Tech firms are rushing to revamp the best way they test and evaluate their artificial intelligence models because the rapidly advancing technology surpasses current benchmarks.
OpenAI, Microsoft, Meta and Anthropic have all recently announced plans to develop AI agents that may autonomously perform tasks for humans on their behalf. To do that effectively, systems must give you the chance to perform increasingly complex actions using reasoning and planning.
Companies conduct “assessments” of AI models by teams of employees and external researchers. These are standardized tests, so-called benchmarks, that evaluate the capabilities of models and the performance of systems from different groups or older versions.
However, recent advances in AI technology have resulted in a lot of the most recent models achieving near or above 90 percent accuracy in existing tests, highlighting the necessity for brand new benchmarks.
“The pace of the industry is amazingly fast. We at the moment are beginning to saturate our ability to measure a few of these systems (and as an industry it’s becoming increasingly difficult to judge them), said Ahmad Al-Dahle, head of generative AI at Meta.
To address this problem, several technology groups, including Meta, OpenAI and Microsoft, have created their very own internal benchmarks and intelligence tests. However, this has raised concerns within the industry concerning the comparability of the technology as there are not any public tests.
“Many of those benchmarks show us how far we’re from automating tasks and jobs. Without it being made public, it’s hard for firms and society as a complete to say,” said Dan Hendrycks, executive director of the Center for AI Safety and advisor to Elon Musk’s xAI.
Current public benchmarks – Hellaswag and MMLU – use multiple-choice inquiries to assess common sense and knowledge on various topics. However, researchers argue that this method is now becoming redundant and models require more complex problems.
“We are entering an era where most of the tests written by humans are not any longer sufficient as a great barometer of model performance,” said Mark Chen, SVP of research at OpenAI. “This presents us as a research world with a brand new challenge.”
A public benchmark, SWE-bench Verified, was updated in August to raised evaluate autonomous systems based on feedback from firms, including OpenAI.
It leverages real-world software problems sourced from the developer platform GitHub and involves providing a code repository and a technical issue to the AI agent with a prompt to repair the difficulty. The tasks require logical justification.
In this regard, OpenAI's latest model, GPT-4o Preview, solves 41.4 percent of problems, while Anthropic's Claude 3.5 Sonnet achieves 49 percent.
“It's rather more sophisticated (with agent systems) because you will have to attach those systems to a variety of additional tools,” said Jared Kaplan, chief science officer at Anthropic.
“Basically you will have to create a whole sandbox environment for them to play in. It’s not as easy as just giving a prompt, seeing what the finish is after which assessing that,” he added.

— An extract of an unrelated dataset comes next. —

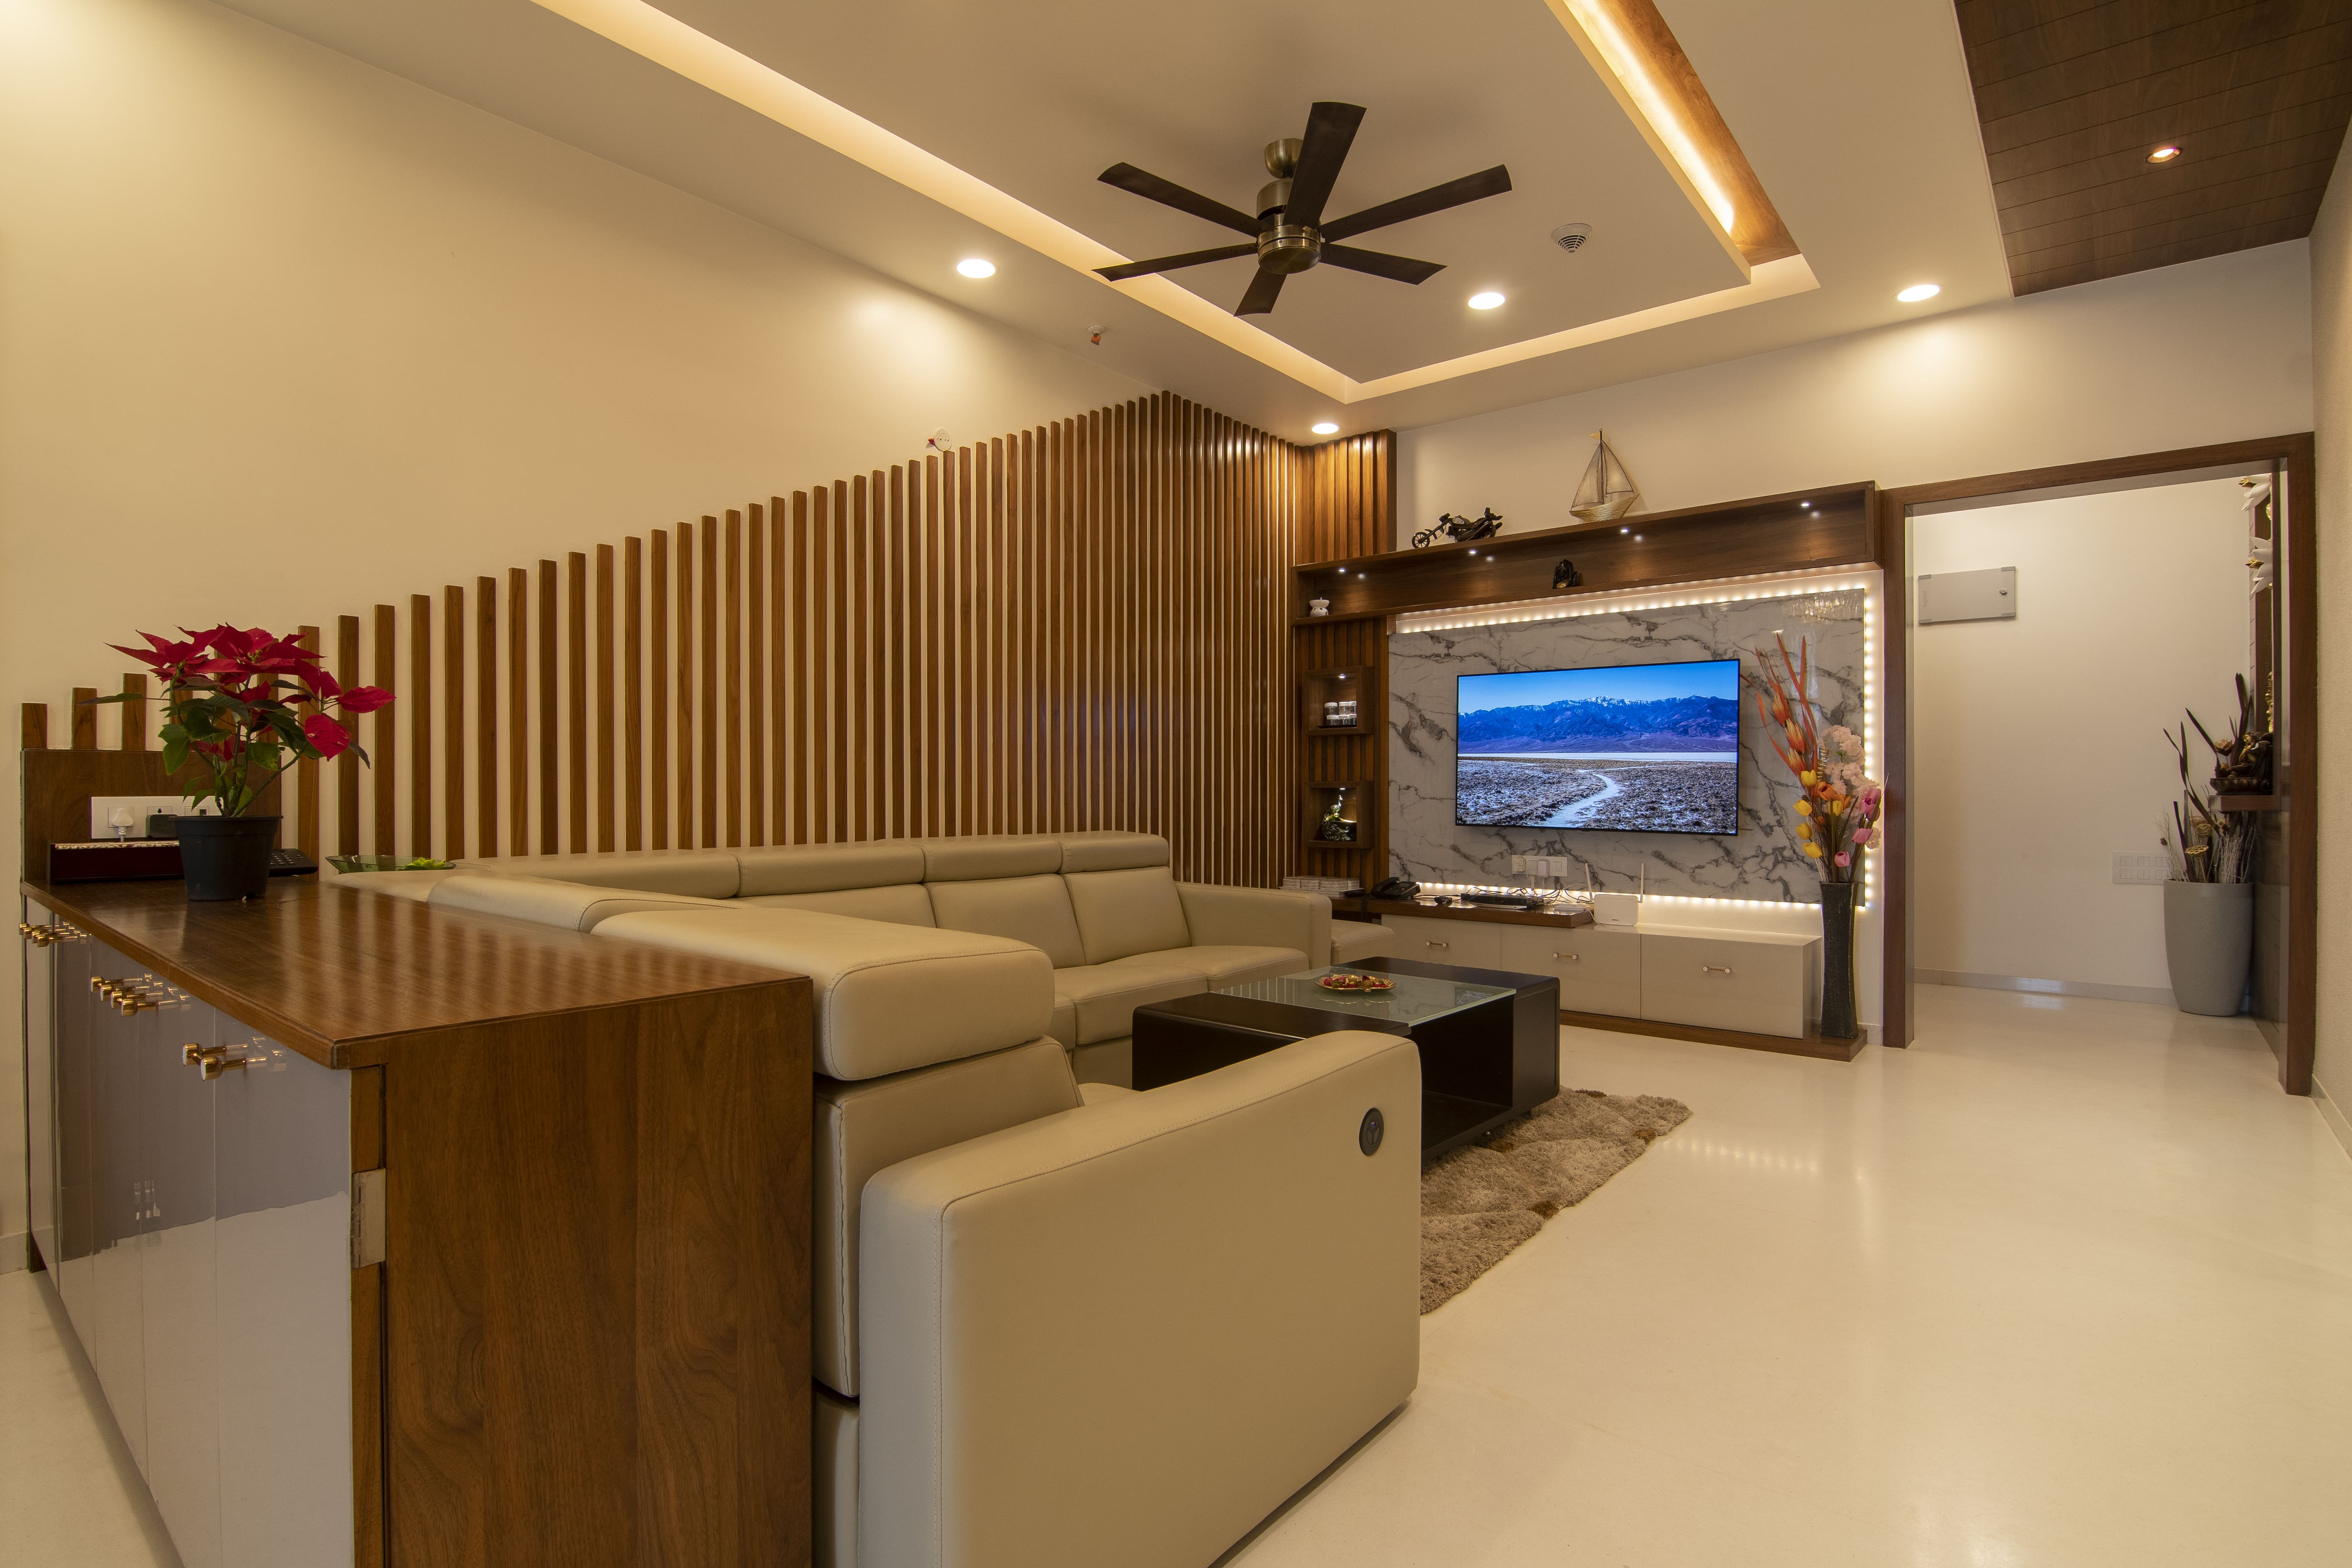 Premium living room interior design

Another essential factor when conducting more complex tests is to make sure that the benchmark questions usually are not publicly available to make sure that the models don’t effectively “cheat” by generating the answers from training data as an alternative of solving the issue.

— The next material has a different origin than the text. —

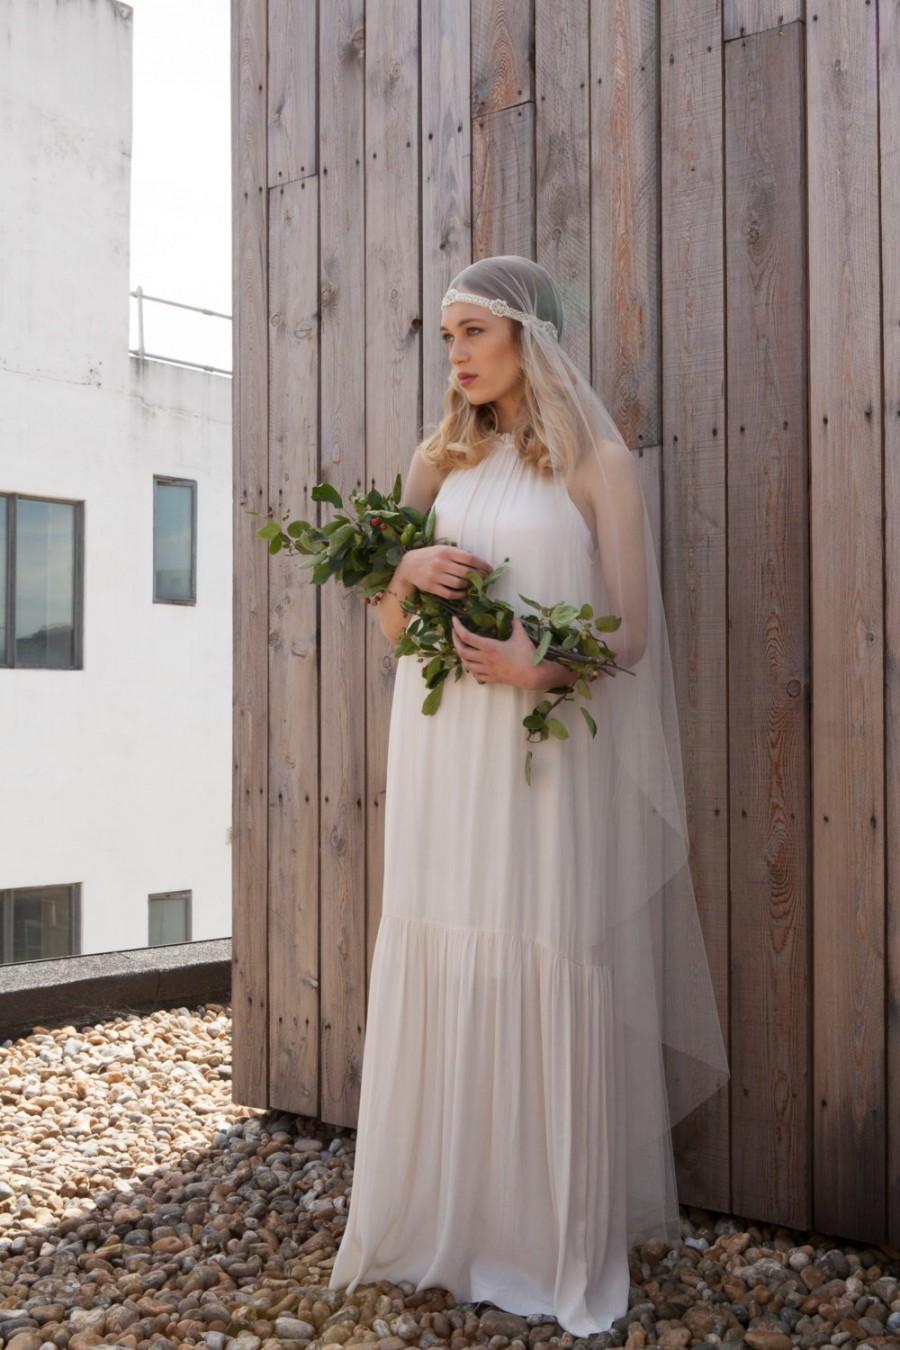 Wedding - Bohemian Juliet Cap Wedding veil - Juliette Cap veil with beaded detailing - fingertip length - waltz length -chapel length veil

The ability to think and plan is critical to unlocking the potential of AI agents that may perform and self-correct tasks across multiple steps and applications.
“We are discovering latest ways to measure these systems, and one in all them is in fact pondering, which is a crucial area,” said Ece Kamar, vice chairman and lab manager of AI Frontiers at Microsoft Research.
That's why Microsoft is working by itself internal benchmark that includes problems not previously encountered in training to evaluate whether its AI models can think like a human.
Some, including researchers at Apple, have questioned whether current large language models “reason” or merely “pattern match” probably the most similar data they’ve seen of their training.
“In the narrower areas that firms care about, they do think,” said Ruchir Puri, chief scientist at IBM Research. “(The debate is about) this broader concept of human-level pondering, which might almost put it within the context of artificial general intelligence. Are they really pondering or are they parroting?”
OpenAI measures logical pondering primarily through evaluations within the areas of mathematics, STEM subjects and programming tasks.
“Argumentation is a really great term. Everyone defines it in another way and has their very own interpretation. . . That line could be very blurry (and) we try to not get too caught up in that distinction itself, but moderately take a look at whether it affects utility, performance or capabilities,” OpenAI’s Chen said.
The need for brand new benchmarks has also led to efforts by external organizations.
In September, startup Scale AI and Hendrycks announced a project called Humanity's Last Exam that crowdsourced complex questions from experts across disciplines that required abstract pondering to reply.
Another example is FrontierMath, a novel benchmark released this week created by expert mathematicians. Based on this test, probably the most advanced models can answer lower than 2 percent of questions.
However, experts warn that without an explicit agreement to measure these capabilities, it might be difficult for firms to evaluate their competitors or for firms and consumers to grasp the market.
“There is not any clear technique to say 'this model is unquestionably higher than this model' (because when a measure becomes a goal, it is not any longer a great measure”) and models are trained to satisfy the established benchmarks, Al said – Dahle.
“It’s something we’re working on as a whole industry.”